[Exercise objective]:
Retype the listing exactly, with no images.

[Dataset excerpt]:
= = =
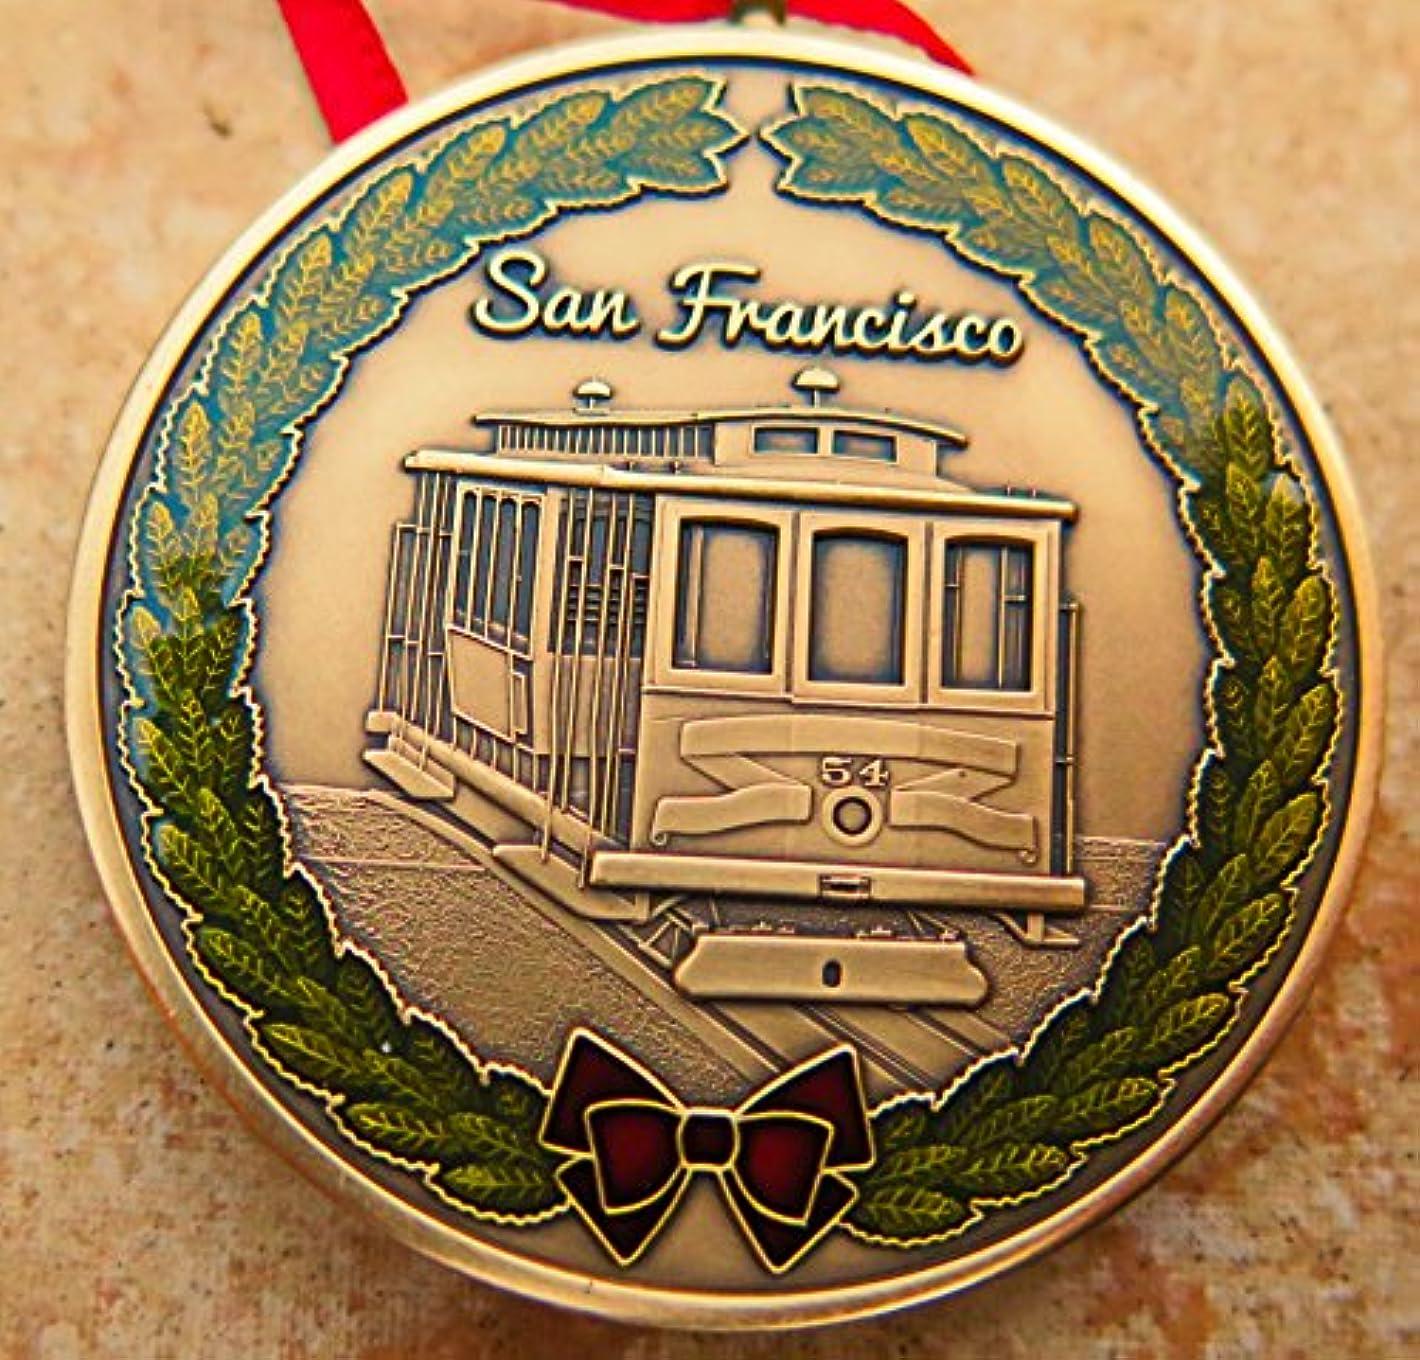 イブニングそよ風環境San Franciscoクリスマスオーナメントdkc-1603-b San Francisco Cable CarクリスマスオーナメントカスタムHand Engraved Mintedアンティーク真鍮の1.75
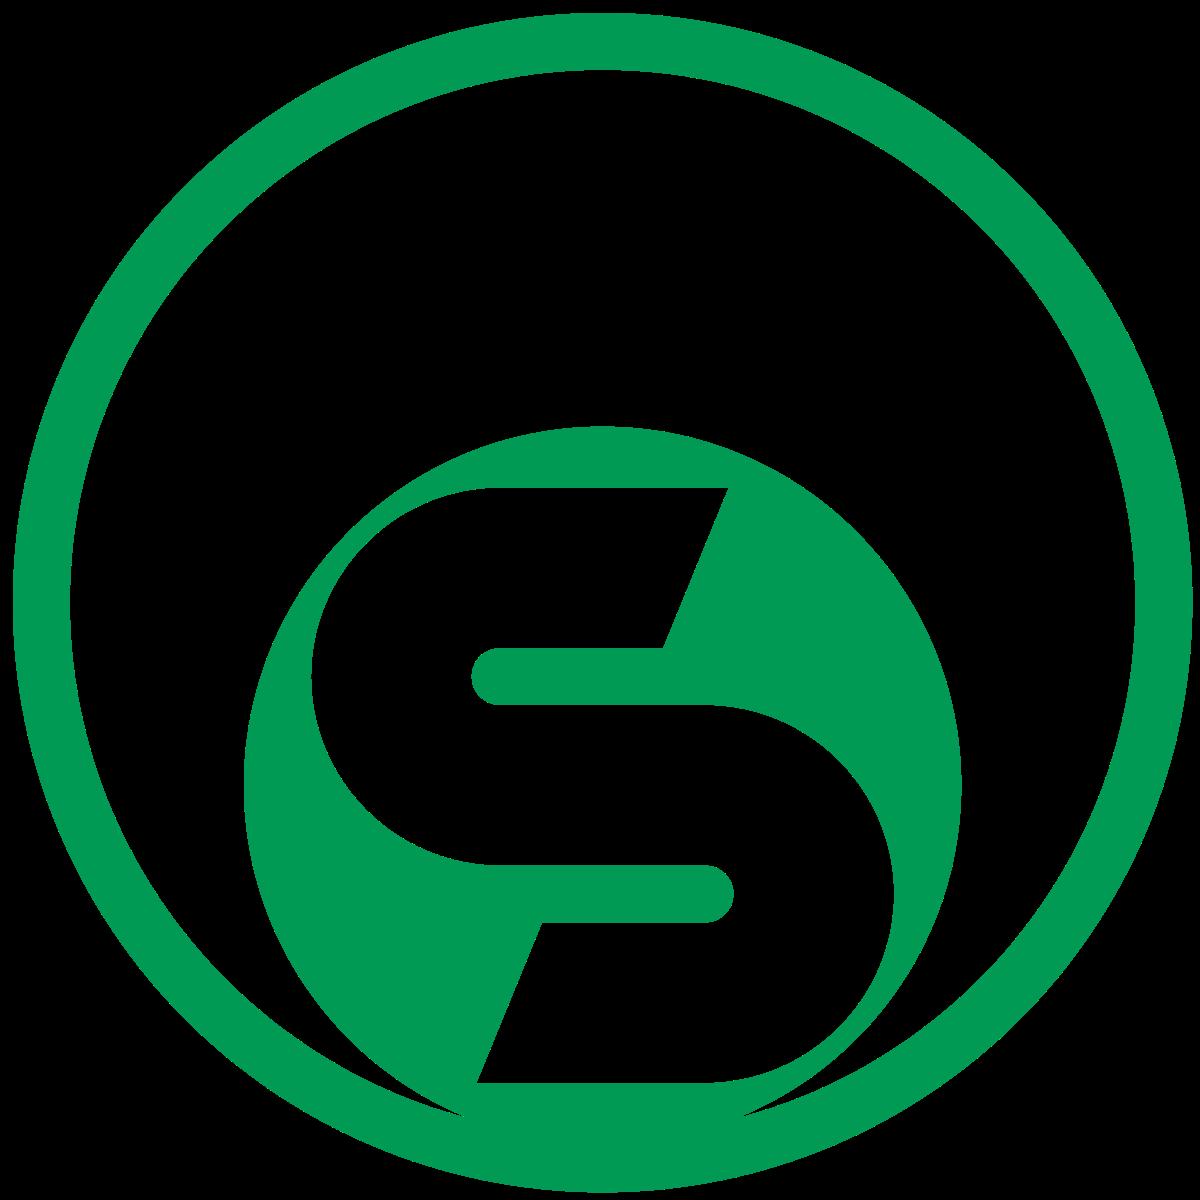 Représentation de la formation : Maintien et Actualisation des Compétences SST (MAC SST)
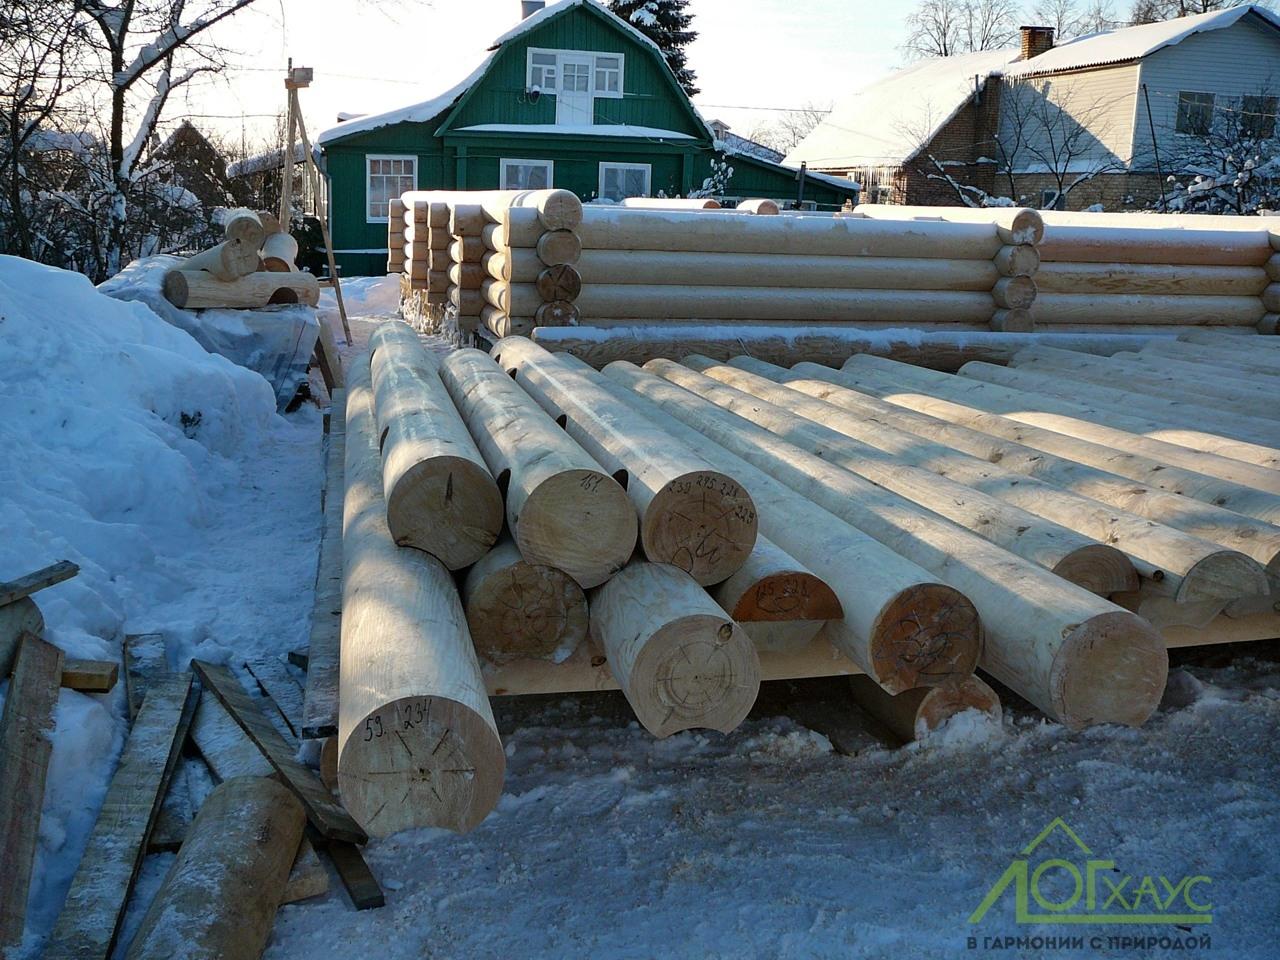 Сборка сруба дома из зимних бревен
= = =
[Written solution]:
 イブニングそよ風環境San Franciscoクリスマスオーナメントdkc-1603-b San Francisco Cable CarクリスマスオーナメントカスタムHand Engraved Mintedアンティーク真鍮の1.75
 Représentation de la formation : Maintien et Actualisation des Compétences SST (MAC SST)
 Сборка сруба дома из зимних бревен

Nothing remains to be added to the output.